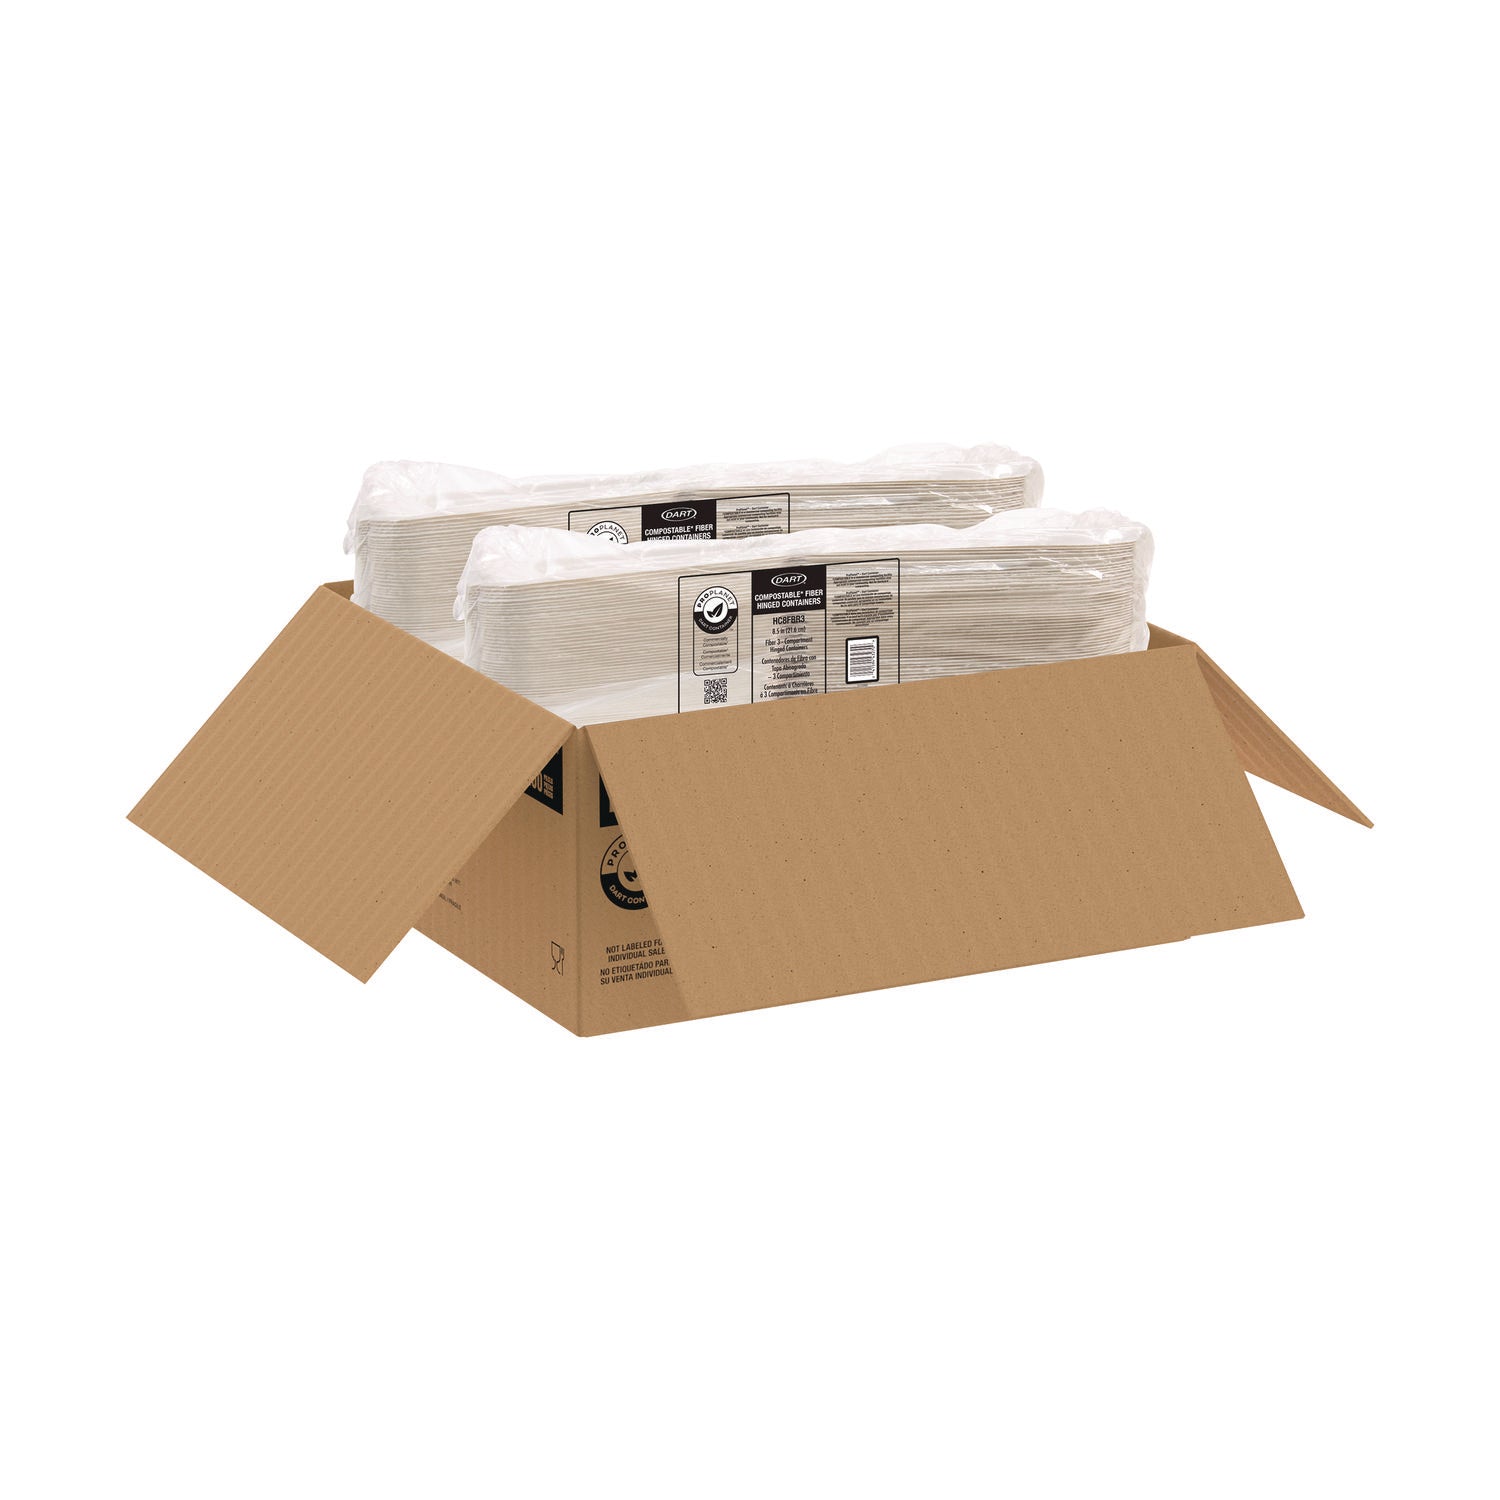 compostable-fiber-hinged-trays-proplanet-seal-3-compartment-803-x-84-x-193-ivory-molded-fiber-200-carton_dcchc8fbr3 - 4
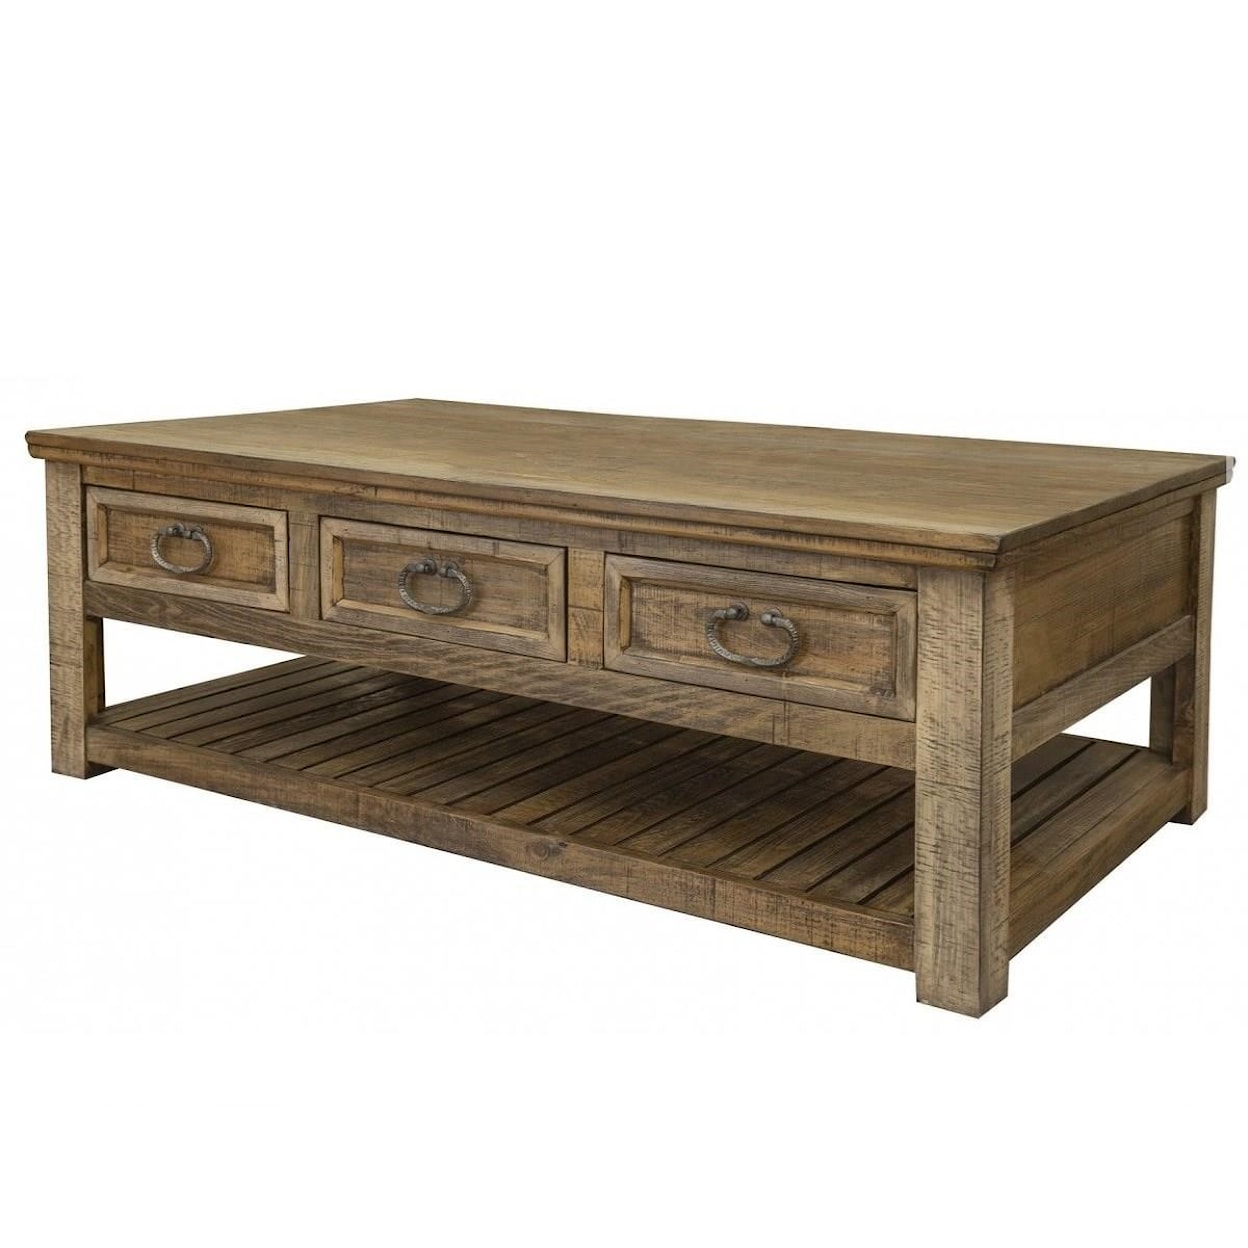 VFM Signature Montana Cocktail Table with 6 Drawers
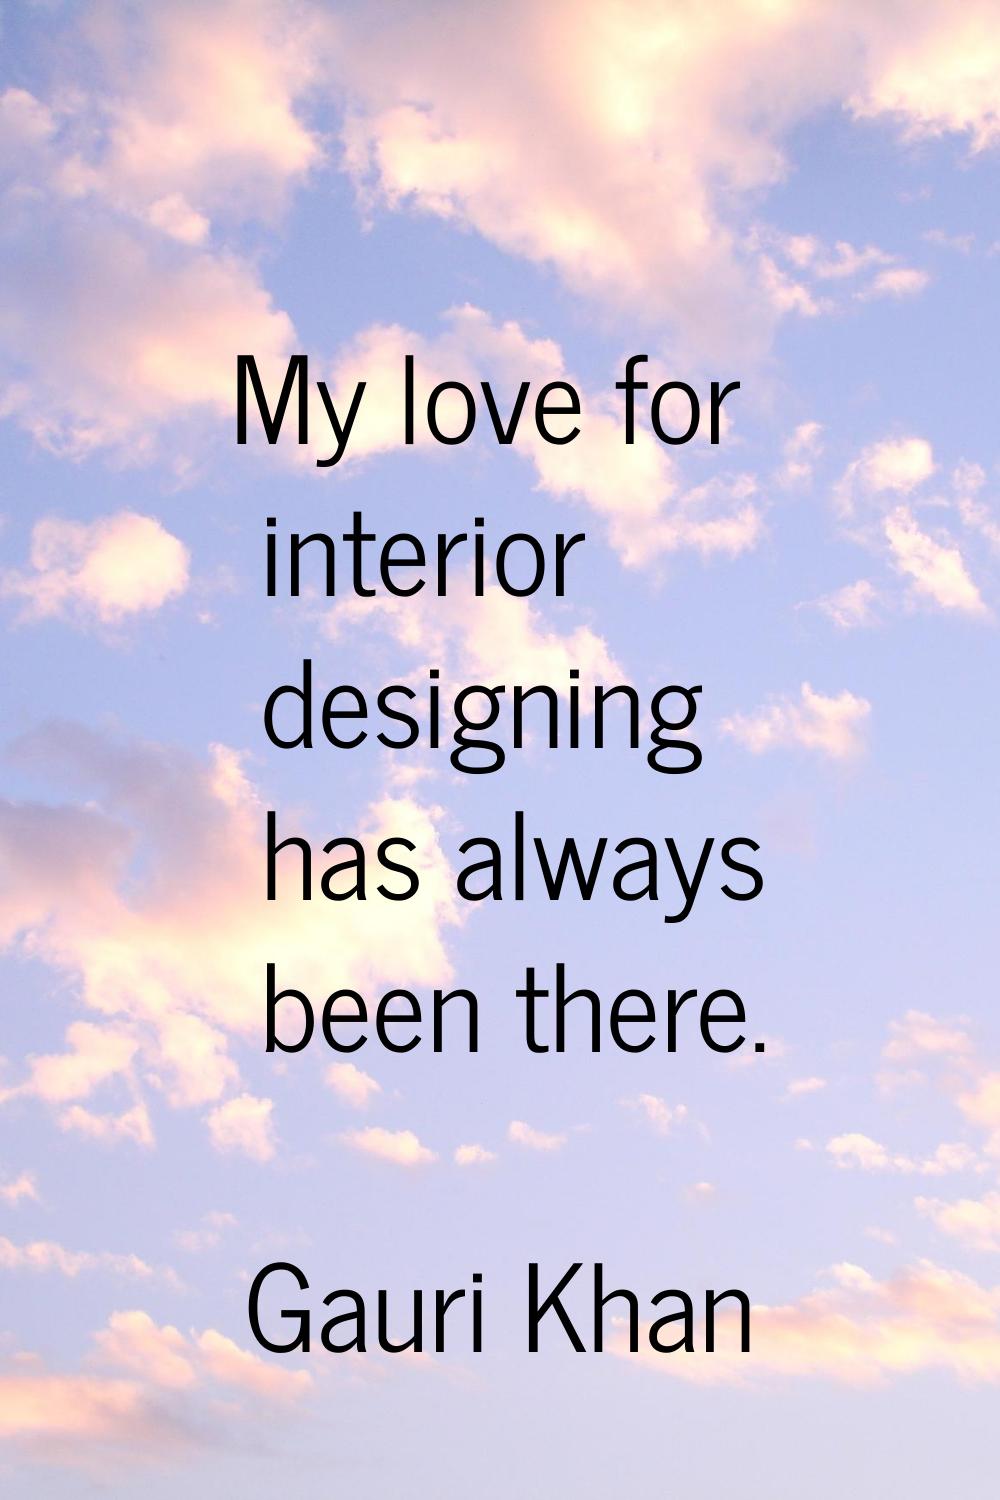 My love for interior designing has always been there.
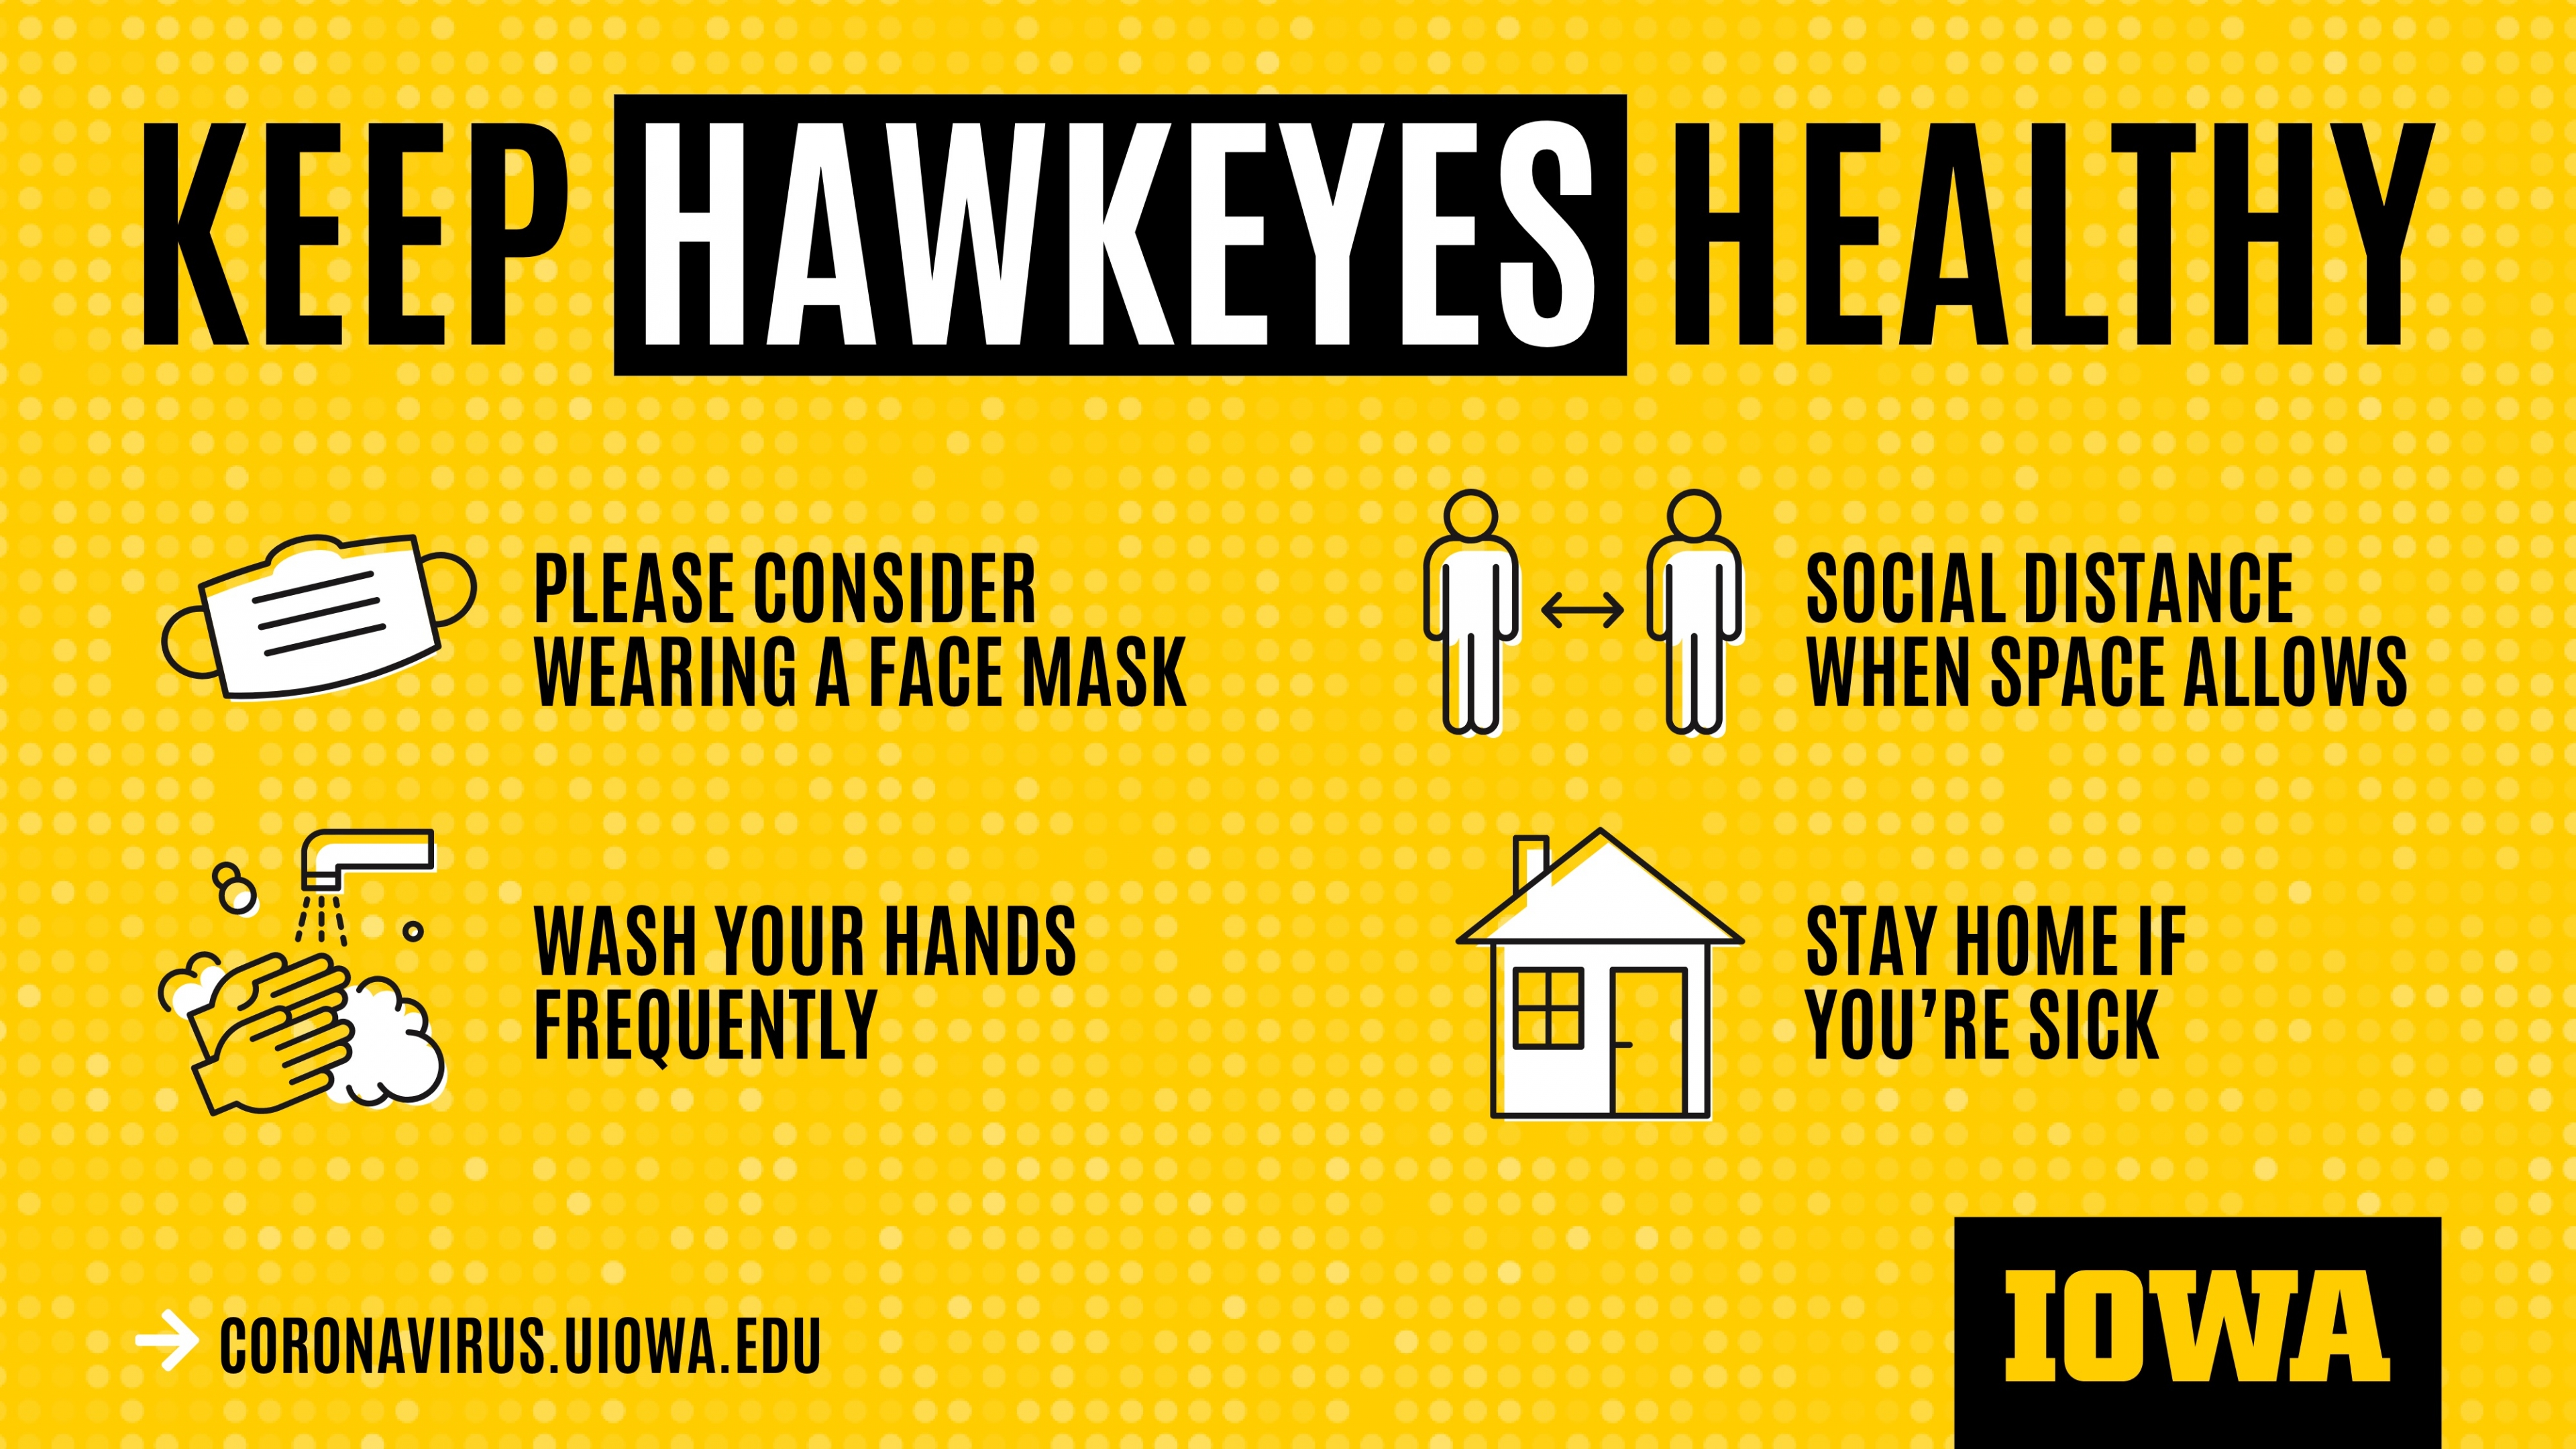 keep hawkeyes healthy please consider wearing a face mask. wash your hands frequently, social distance when space allows. stay home if you're sick.
+ + +
Take the preceding listing and transcribe it exactly, skipping the pictures.

 compostable-fiber-hinged-trays-proplanet-seal-3-compartment-803-x-84-x-193-ivory-molded-fiber-200-carton_dcchc8fbr3 - 4
 VFM Signature Montana Cocktail Table with 6 Drawers
 My love for interior designing has always been there.
 keep hawkeyes healthy please consider wearing a face mask. wash your hands frequently, social distance when space allows. stay home if you're sick.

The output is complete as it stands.